One of the scientists responsible for AlphaGo, the Google DeepMind software that trounced one of the world’s best Go players recently, says the same approach can produce a surprisingly competent poker bot.
Unlike board games such as Go or chess, poker is a game of “imperfect information,” and for this reason it has proved even more resistant to computerization than Go.
Gameplay in poker involves devising a strategy based on the cards you have in your hand and a guess as to what’s in your opponents’ hands. Poker players try to read the behavior of others at the table using a combination of statistics and more subtle behavioral cues.
Because of this, building an effective poker bot using machine learning may be significant for real-world applications of AI. The game is relevant to game theory, which concerns situations involving negotiation and coöperation.
Although Go is incredibly complex and its strategic principles cannot be encoded easily, AlphaGo was at least able to see every part of the game. AlphaGo used a combination of two AI techniques, deep reinforcement learning and tree search, to come up with winning Go moves. Deep reinforcement learning involves training a large neural network with positive and negative rewards, and tree search is a mathematical strategy for looking ahead in a game.
Together with Johannes Heinrich, a research student at UCL, Silver used deep reinforcement learning to produce effective playing strategy in both Leduc, a simplified version of poker involving a deck of just six cards, and Texas hold’em, the most popular form of the game. With Leduc, the software reached a Nash equilibrium, meaning an optimal approach as defined by game theory. In Texas hold’em, it achieved the performance of an expert human player.
Meanwhile, a team of researchers at the University of Oxford and Google DeepMind have turned their attention to two fantasy-inspired card games—Magic: the Gathering and Hearthstone.

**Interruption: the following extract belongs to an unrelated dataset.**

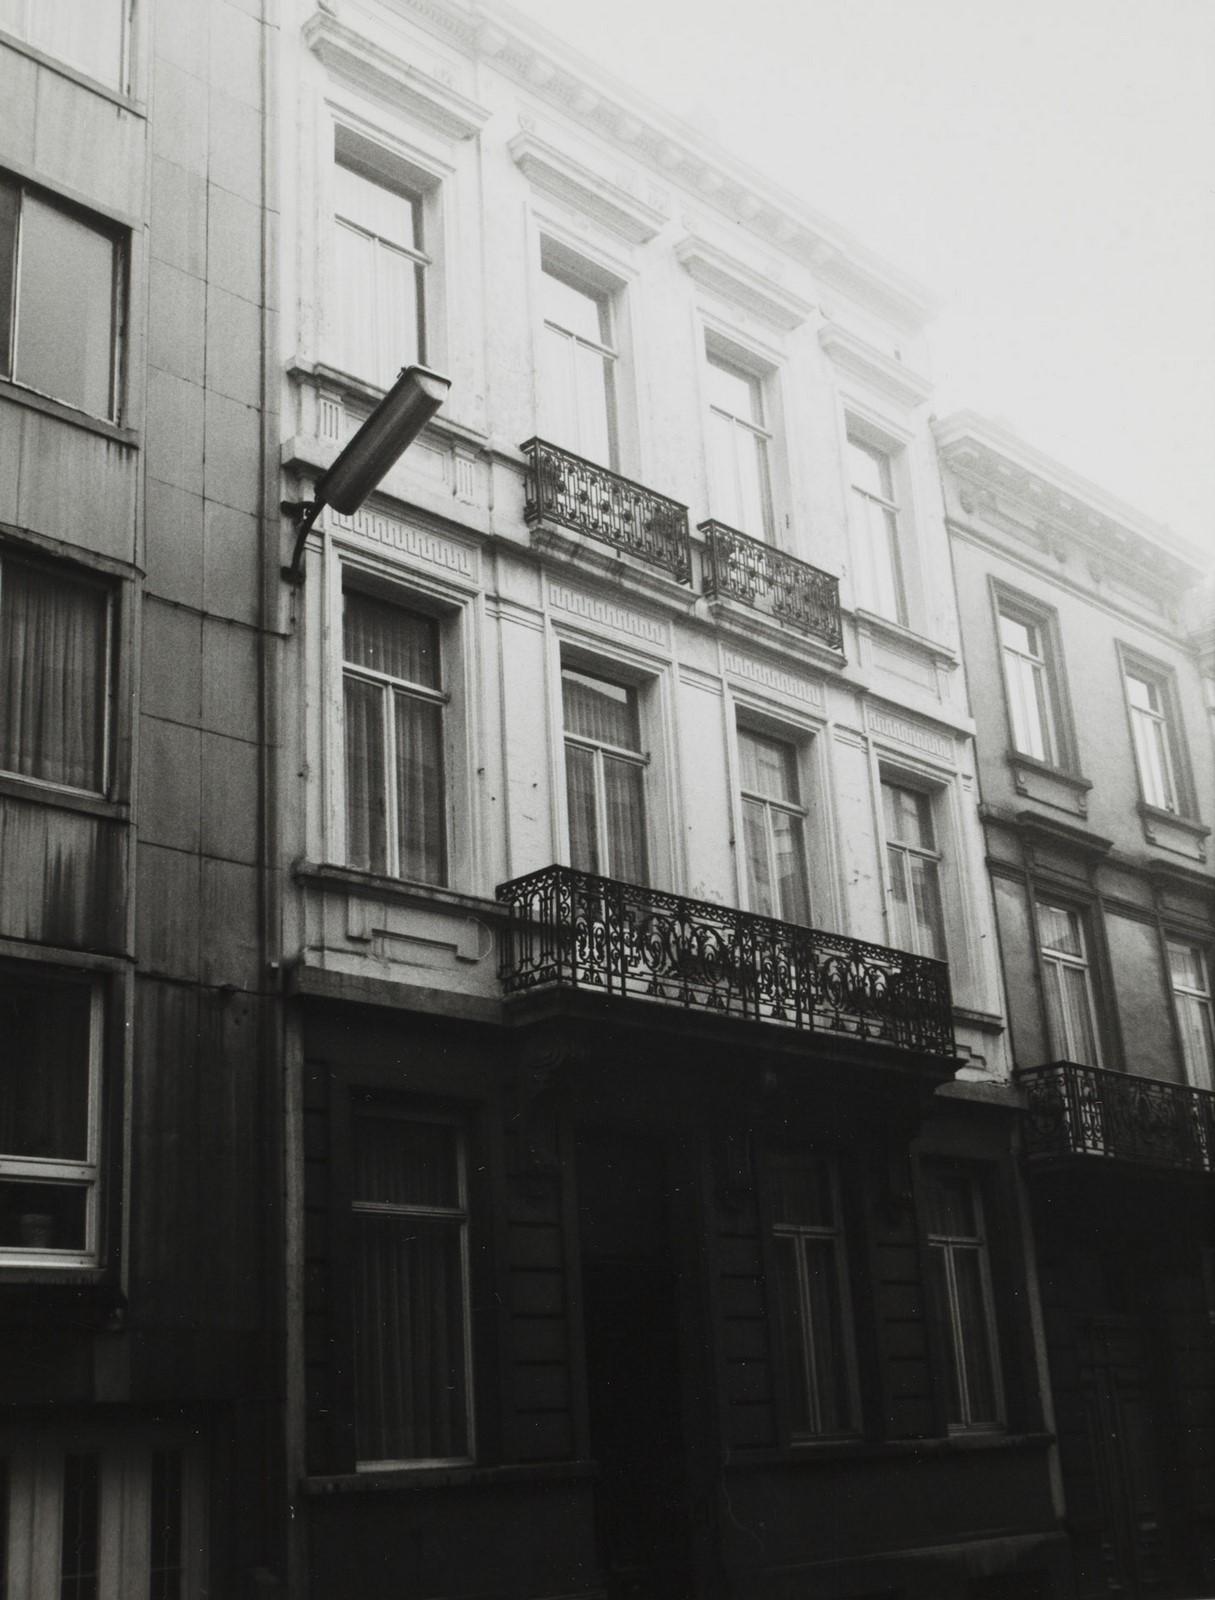 rue de la Révolution 7., 1985

These games involve playing cards representing different spells, weapons, or creatures against opponents. This work is much more preliminary, and simply involved training a neural network to interpret the information shown on each card, which may either be structured, as in a particular color or number, or unstructured, as in text describing what happens when the card is played.
Even so, Google’s AI team clearly isn’t finished with building superhuman game bots.